Reputation: 5154
I have a large vector of strings like this:
d <- c("herb", "market", "merchandise", "fun", "casket93", "old", "herbb", "basket", "bottle", "plastic", "baskket", "markket", "pasword", "plastik", "oldg", "mahagony", "mahaagoni", "sim23", "asket", "trump" )
I wan't to fetch similar strings for each string from the same vector d.
I am doing this by
1. calculating for each string the edit distance with all other strings strings based on certain rules such as forcing exact matching if any digits are present or if number of alphabet characters are less than 5.
2. putting it in a dataframe dist along with string.
3. subsetting dist based on distances < 3.
4. collapsing and adding the similar strings to original dataframe as a new column.
I am using the stringr
and stringdist
packages
d <-as.data.frame(d)
M <- nrow(d)
Dist <- data.frame(matrix(nrow=M, ncol=2))

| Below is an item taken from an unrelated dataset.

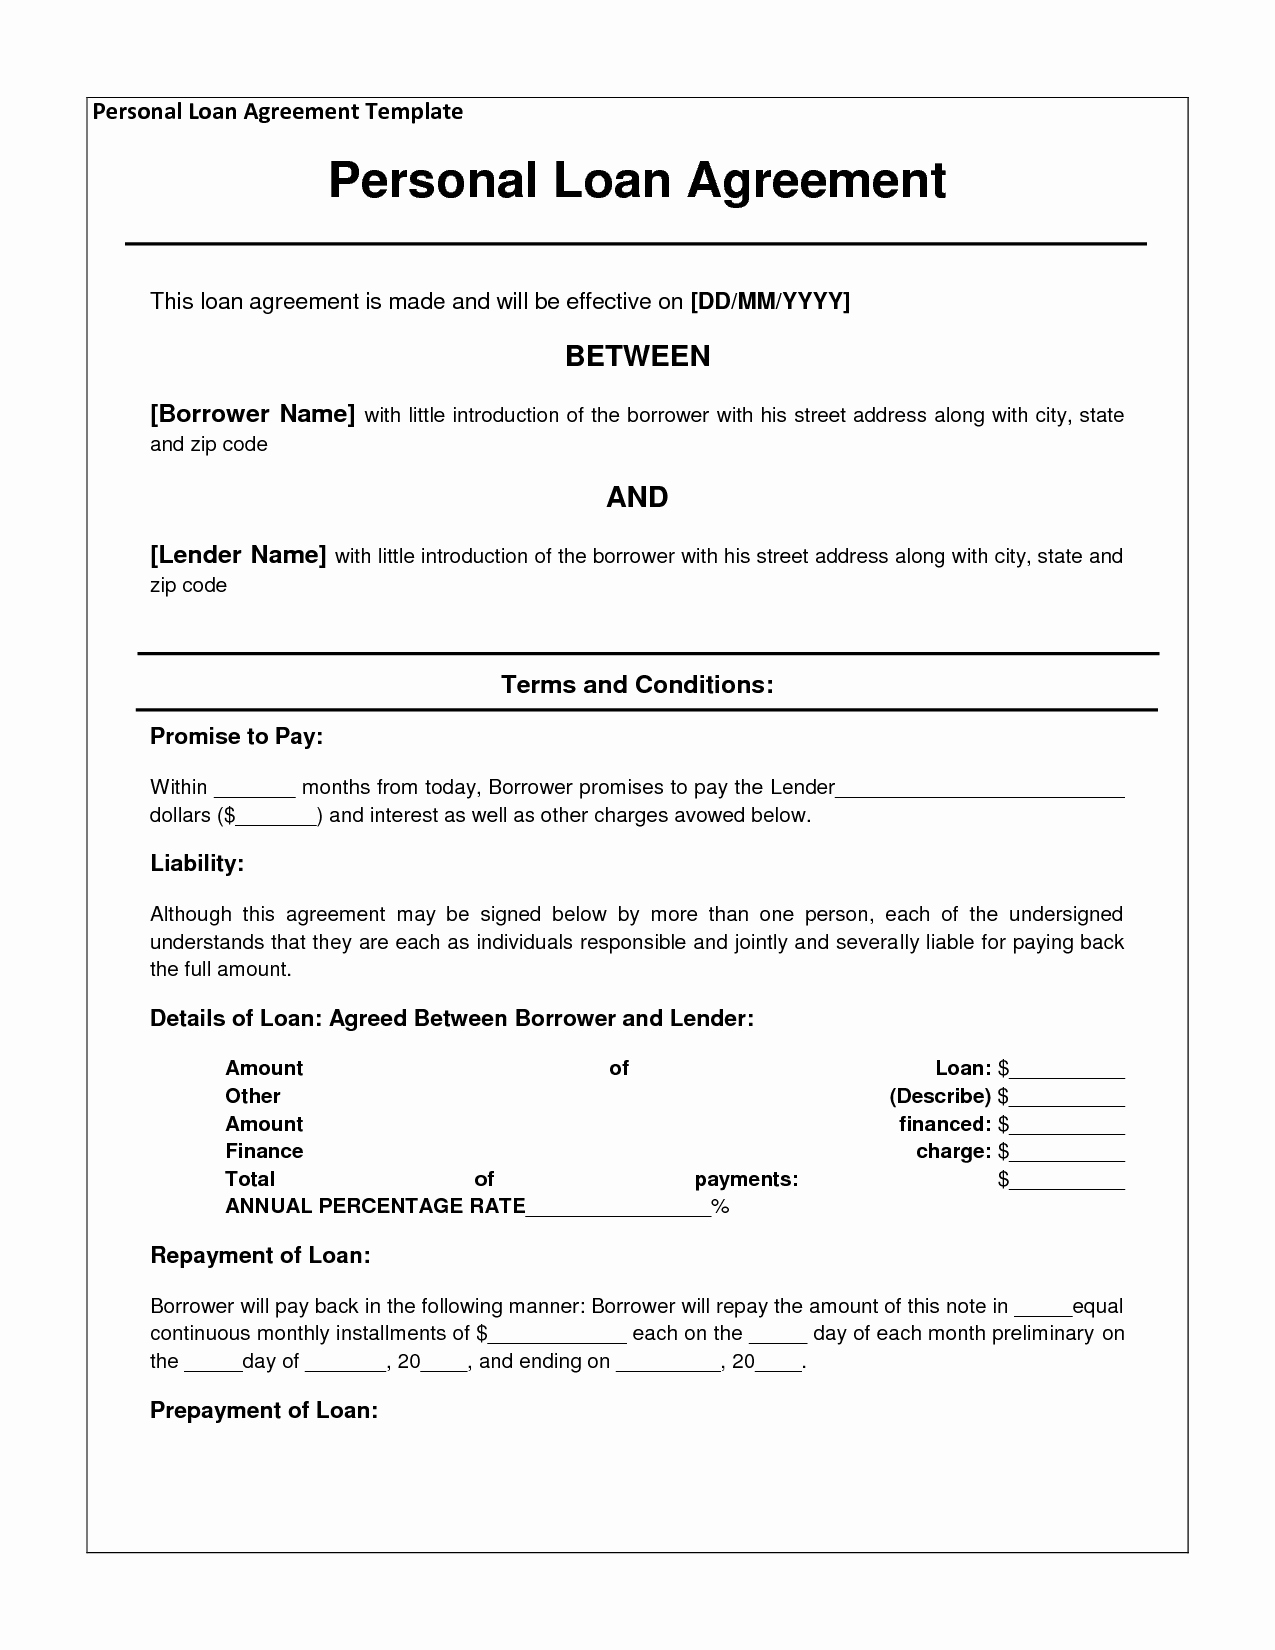 Personal Loan Documents Template Beautiful 14 Loan Agreement Templates Excel Pdf formats

colnames(Dist) <- c("string" ,"dist")
Dist$string <- d$d
d$sim <- character(length=M)
require(stringr)
require(stringdist)
for (i in 1:M){
# if string has digits or is of short size (<5) do exact matching
if (grepl("[[:digit:]]", d[i, "d"], ignore.case=TRUE) == TRUE || str_count(d[i, "d"], "[[:alpha:]]") < 5){
Dist$dist <- stringdist(d[i, "d"], d$d, method="lv", maxDist=0.000001) # maxDist as fraction to force exact matching
# otherwise do approximate matching
} else {
Dist$dist <- stringdist(d[i, "d"], d$d, method="lv", maxDist=3)
}
# subset similar strings (with edit distance <3)
subDist <- subset(Dist, dist < 3 )
# add to original data.frame d
d[i, "sim"] <- paste(as.character(unlist(subDist$string)), collapse=", ")
}
Is it possible to vectorise the procedure instead of using a loop? I have a very large vector of strings, so a calculating a distance matrix using stringdistmatrix
on the entire vector can't be done due to memory restrictions. The loop works fine for large data, but is very slow.
Upvotes: 1
Views: 780
Reputation: 7941
stringdist
has a version for computing all the distances in a matrix, so I think that something like this will be an improvement, it's about four times as quick on my computer when run with the 100 reps line included:
d <- c("herb", "market", "merchandise", "fun", "casket93", "old", "herbb", "basket", "bottle", "plastic", "baskket", "markket", "pasword", "plastik", "oldg", "mahagony", "mahaagoni", "sim23", "asket", "trump" )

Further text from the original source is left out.